[Supplied data — start]

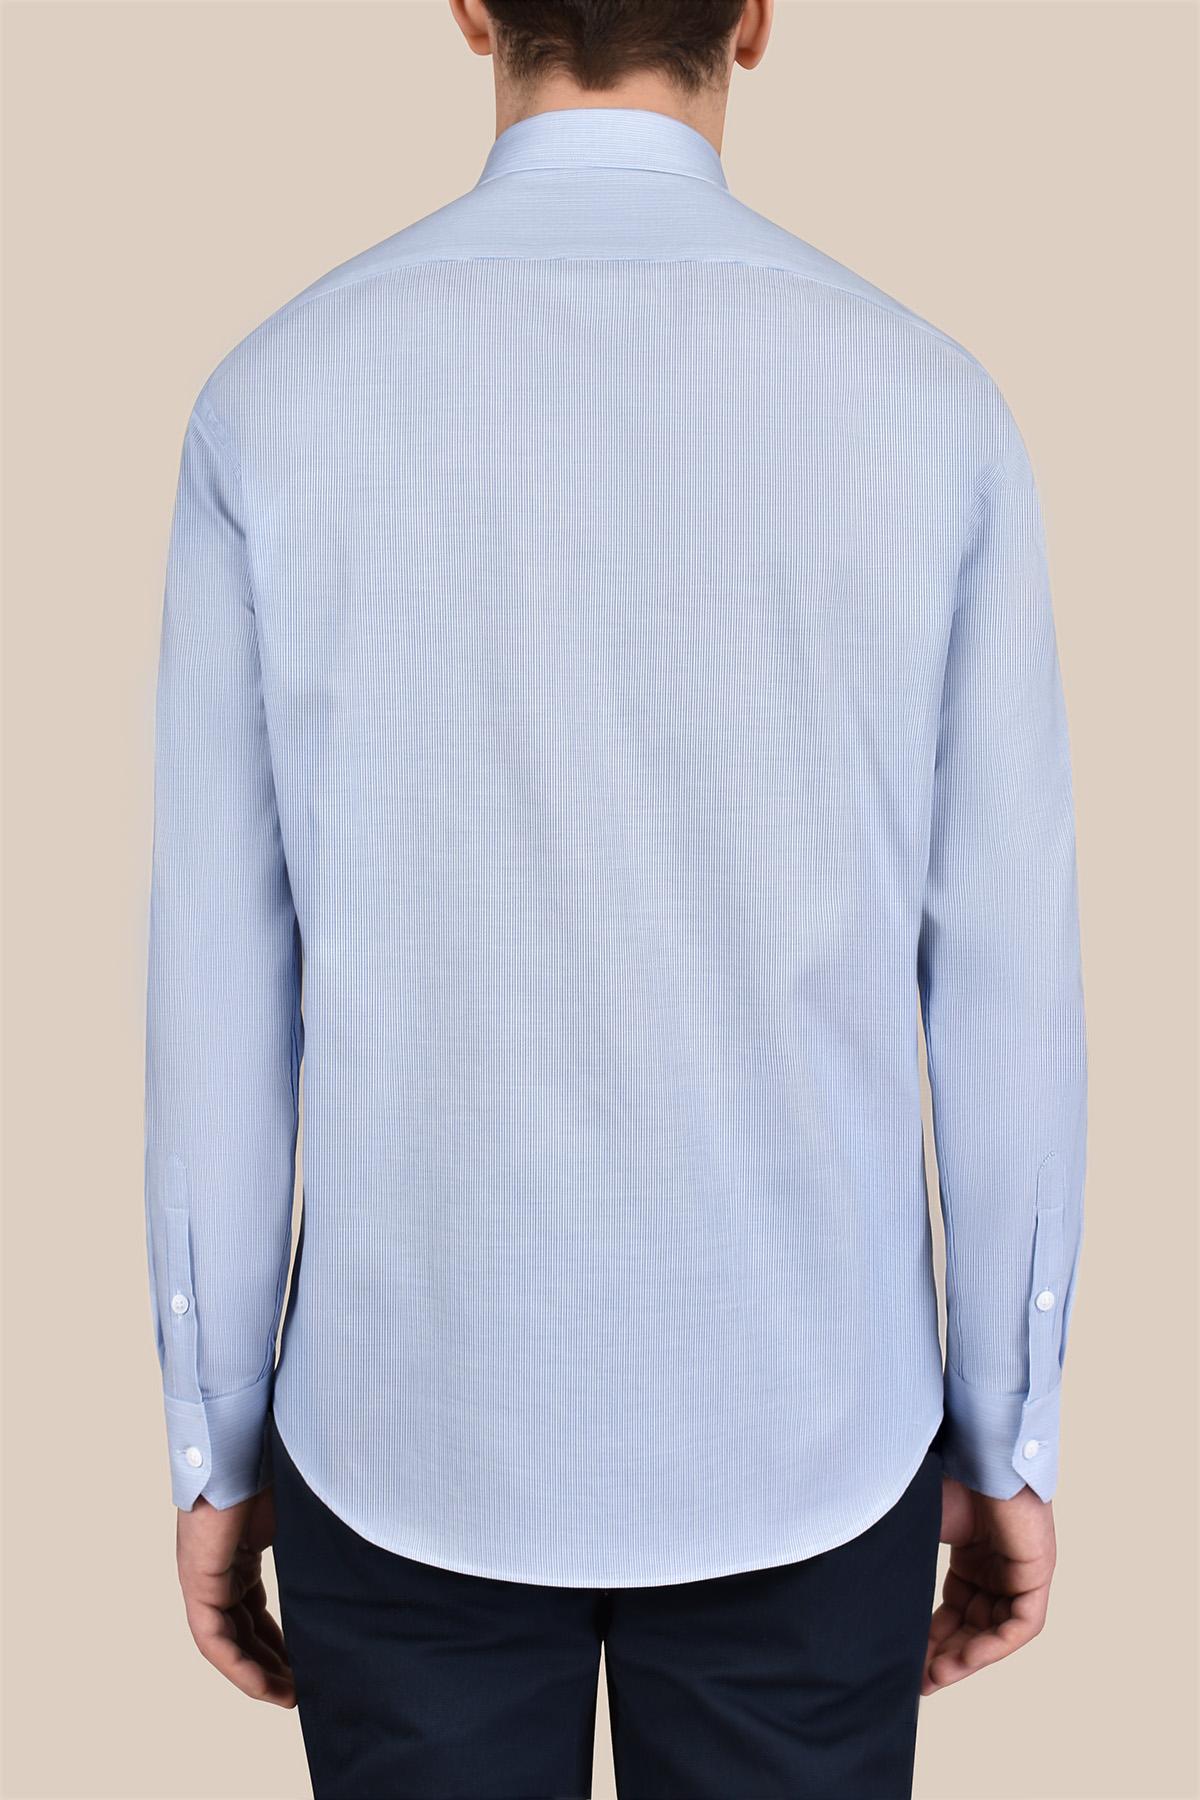 Рубашка в мелкую полоску голубого цвета Vaismann 20116
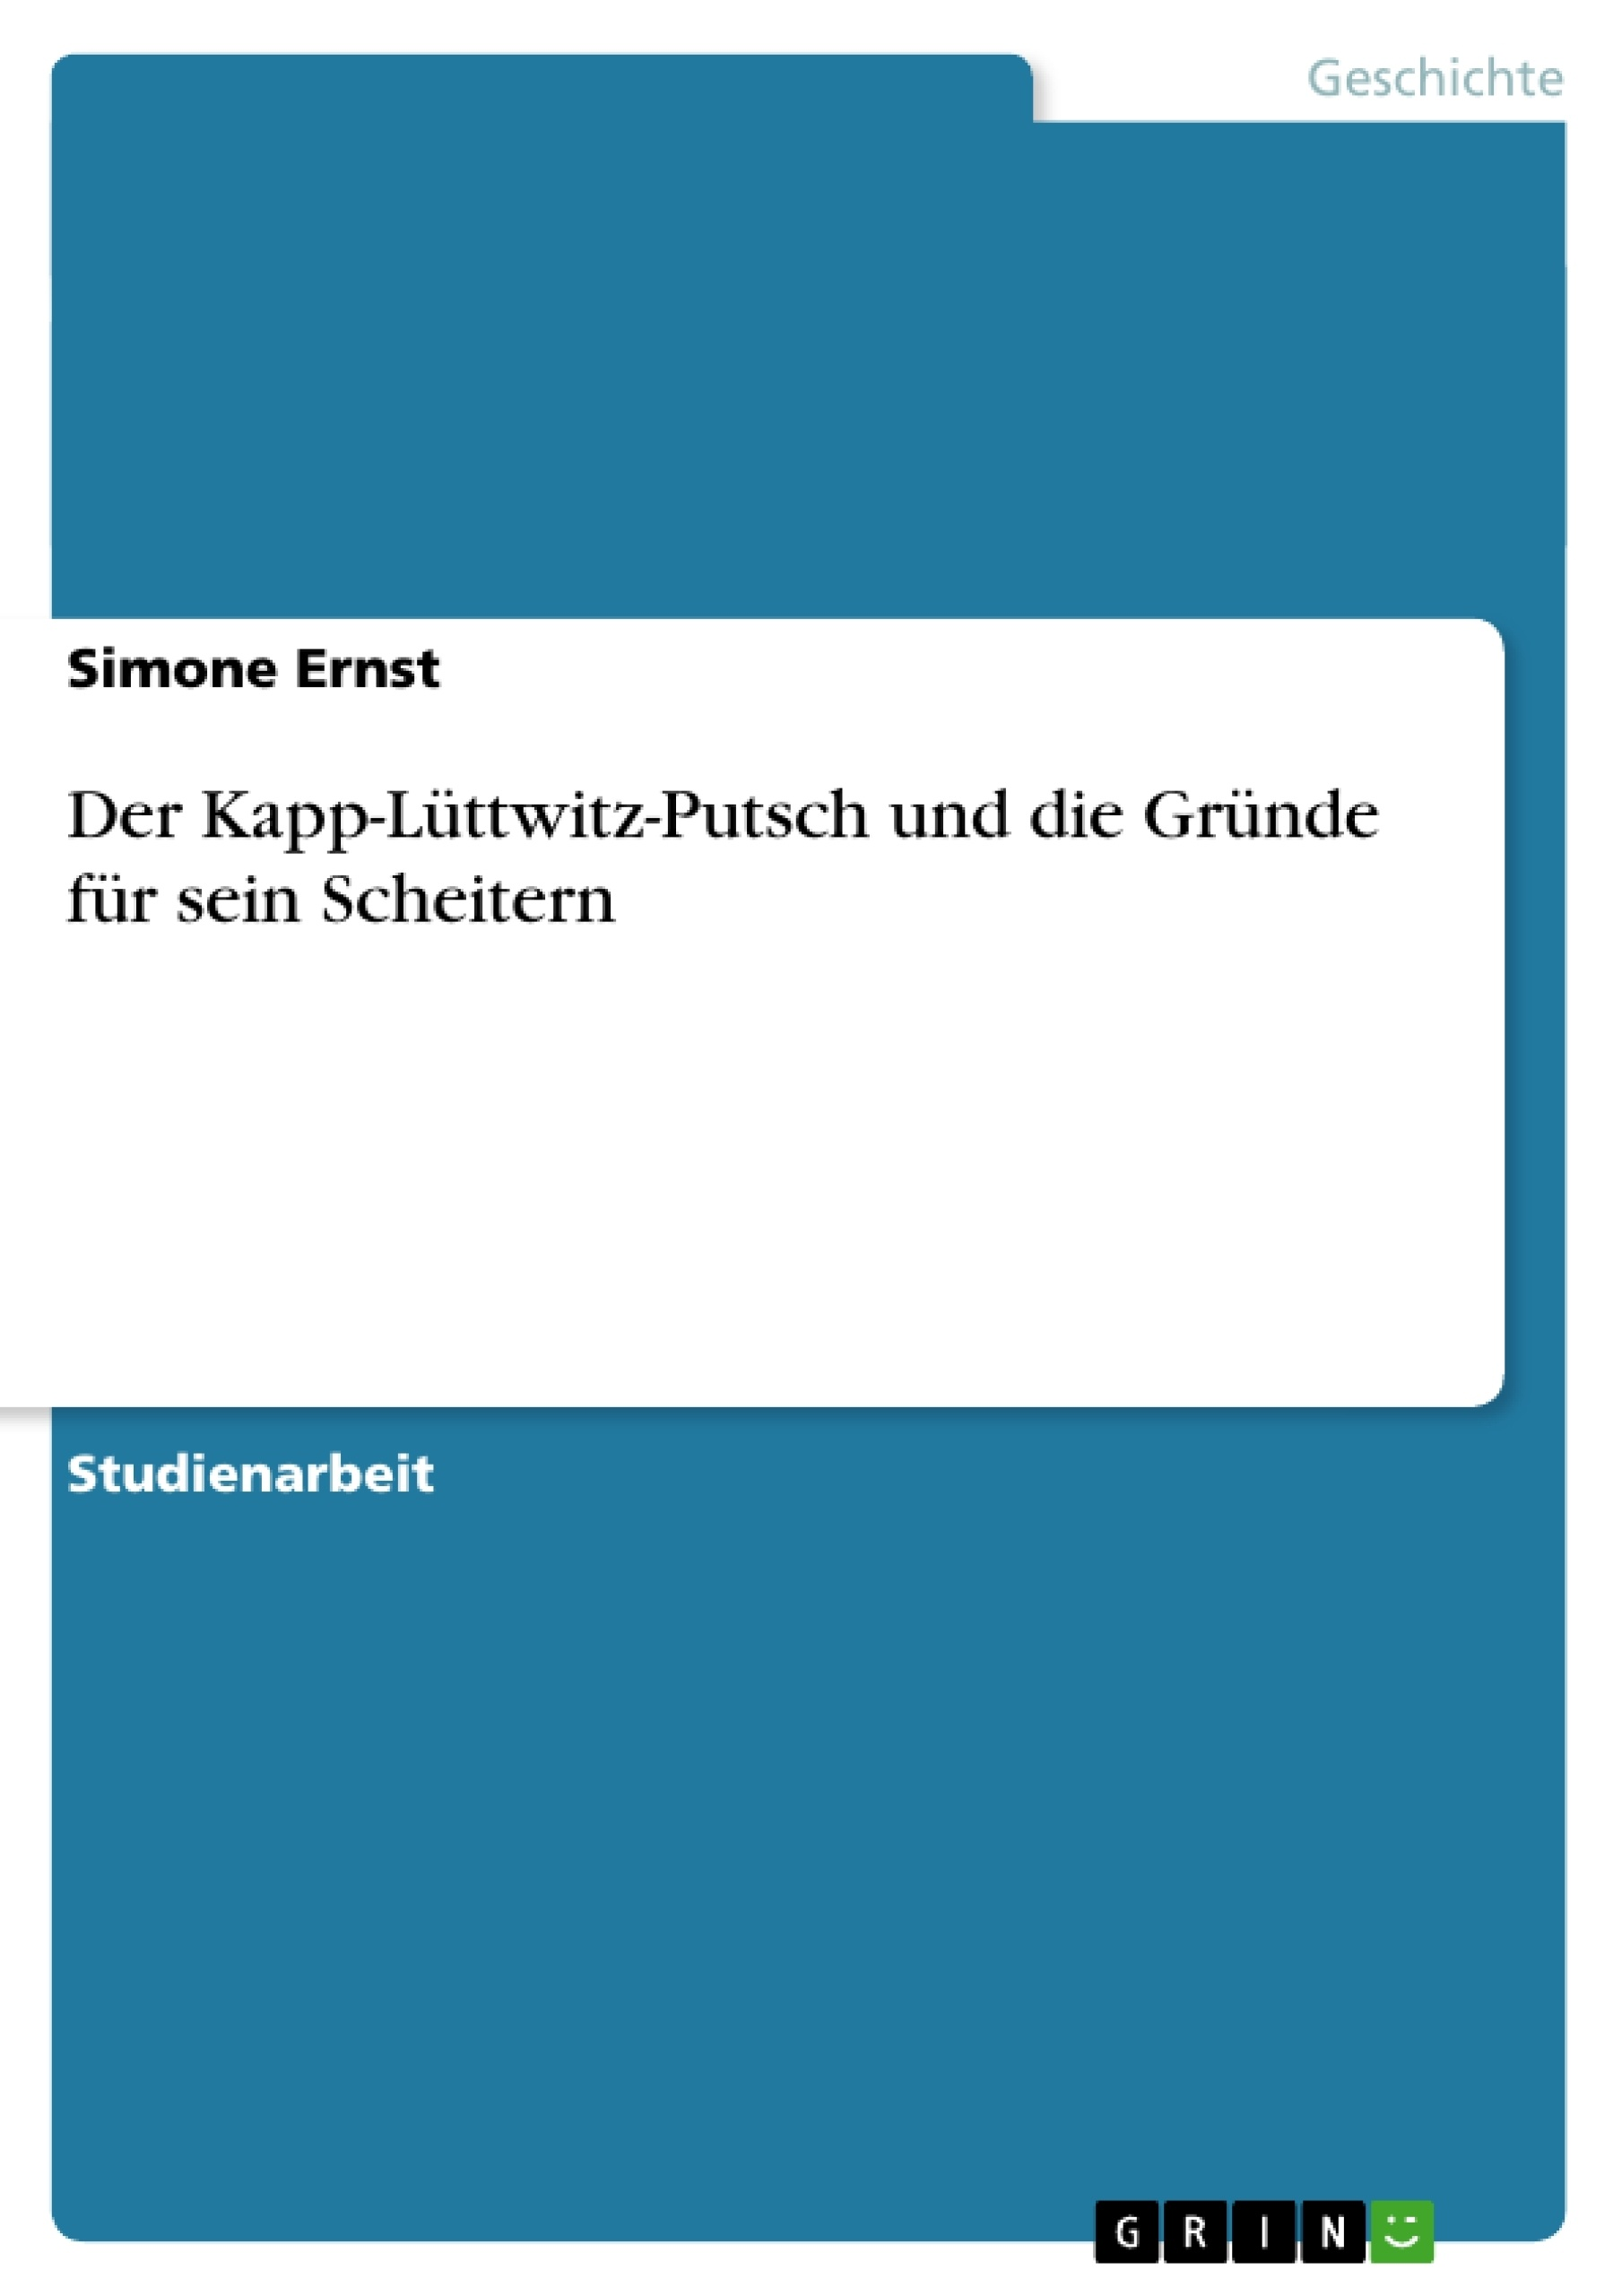 Titel: Der Kapp-Lüttwitz-Putsch und die Gründe für sein Scheitern
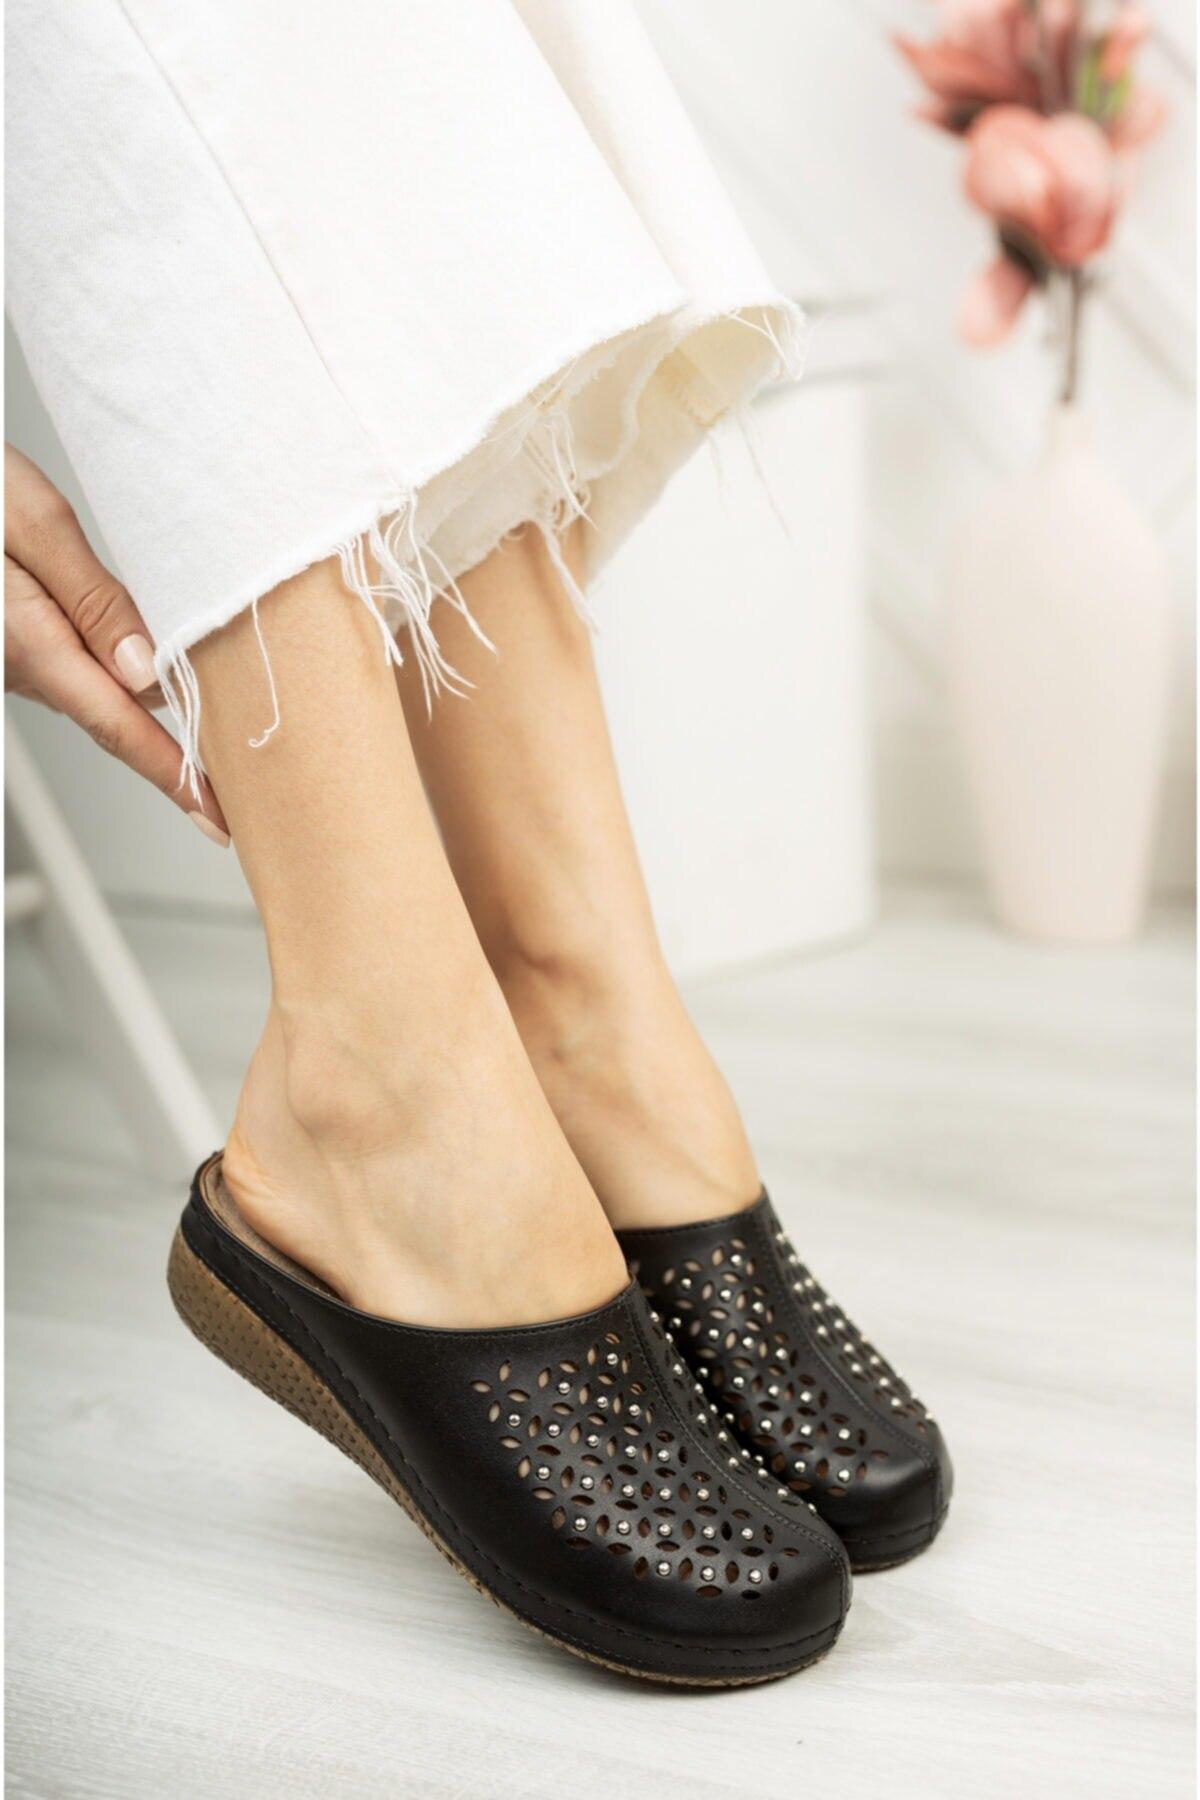 النساء الصنادل s الأسود العظام سابو قاعدة عادية الصيف داخلي في الهواء الطلق الوجه يتخبط الشاطئ حذاء الإناث النعال منصة عادية
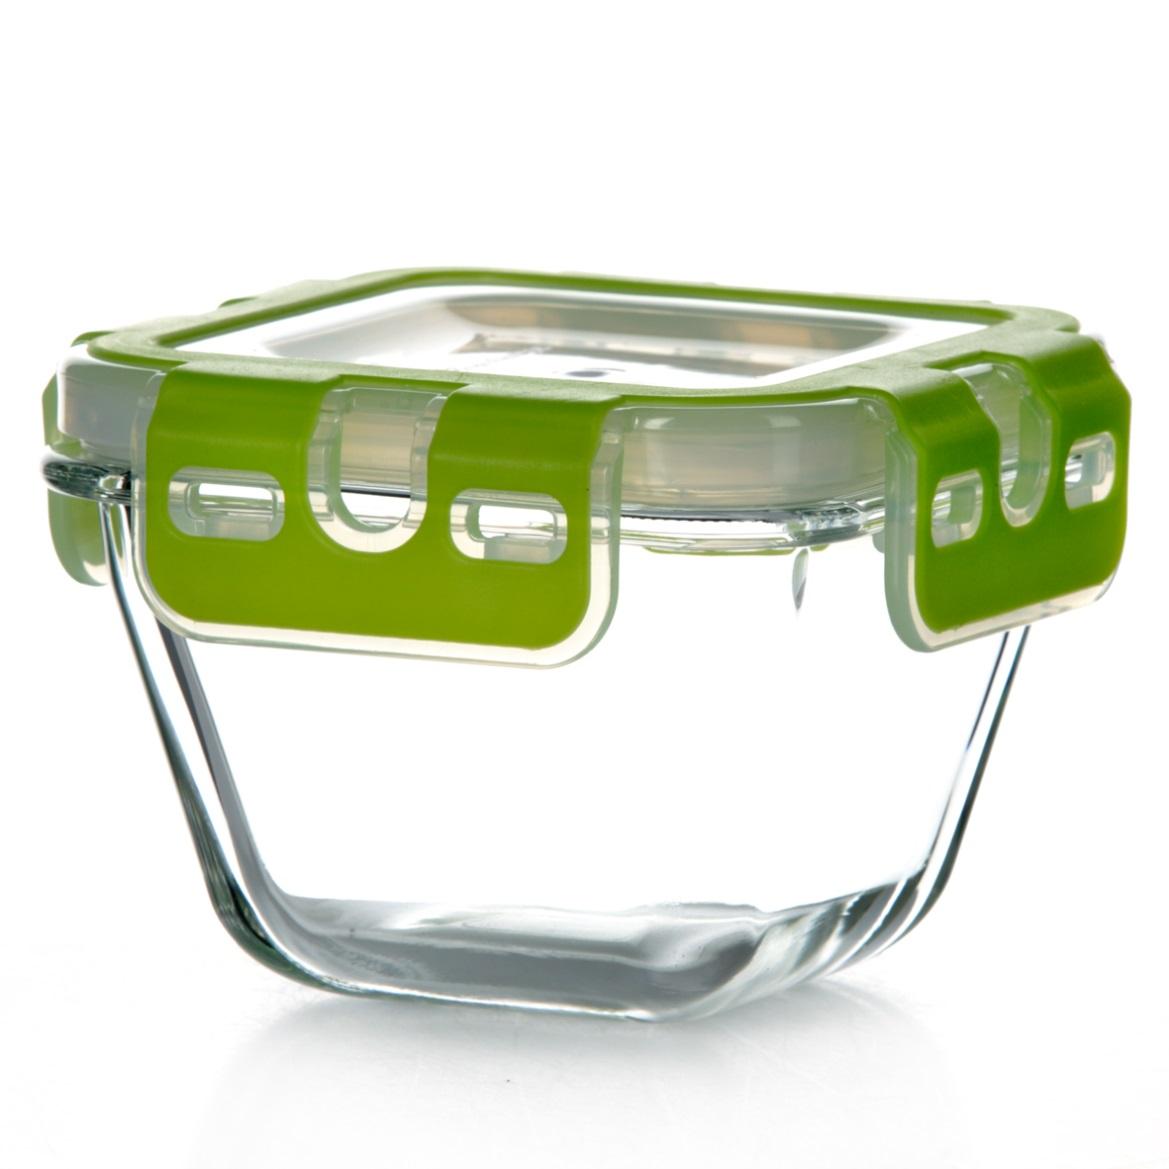 Контейнер для хранения продуктов Pasabahce Storemax, цвет: зеленый, 290 мл21395599Контейнер Pasabahce Storemax, выполненный из высококачественного закаленного стекла, предназначен для хранения продуктов. Благодаря высокому качеству материала и герметичной пластиковой крышке с защелками продукты в контейнере дольше сохранят свежесть, сочность и аромат. Крышка имеет силиконовую вставку, предотвращающую выскальзывание контейнера из рук при открывании. Можно мыть в посудомоечной машине и использовать в микроволновой печи. Подходит для хранения в холодильнике. Размер контейнера: 10,3 см х 10,3 см.Высота (без учета крышки): 6,5 см. Объем: 290 мл.

[Supplied data — finish]

# Required action
Hand back the data above exactly, with no images.

# Exercise result
 Рубашка в мелкую полоску голубого цвета Vaismann 20116
 Titel: Der Kapp-Lüttwitz-Putsch und die Gründe für sein Scheitern
 النساء الصنادل s الأسود العظام سابو قاعدة عادية الصيف داخلي في الهواء الطلق الوجه يتخبط الشاطئ حذاء الإناث النعال منصة عادية
 Контейнер для хранения продуктов Pasabahce Storemax, цвет: зеленый, 290 мл21395599Контейнер Pasabahce Storemax, выполненный из высококачественного закаленного стекла, предназначен для хранения продуктов. Благодаря высокому качеству материала и герметичной пластиковой крышке с защелками продукты в контейнере дольше сохранят свежесть, сочность и аромат. Крышка имеет силиконовую вставку, предотвращающую выскальзывание контейнера из рук при открывании. Можно мыть в посудомоечной машине и использовать в микроволновой печи. Подходит для хранения в холодильнике. Размер контейнера: 10,3 см х 10,3 см.Высота (без учета крышки): 6,5 см. Объем: 290 мл.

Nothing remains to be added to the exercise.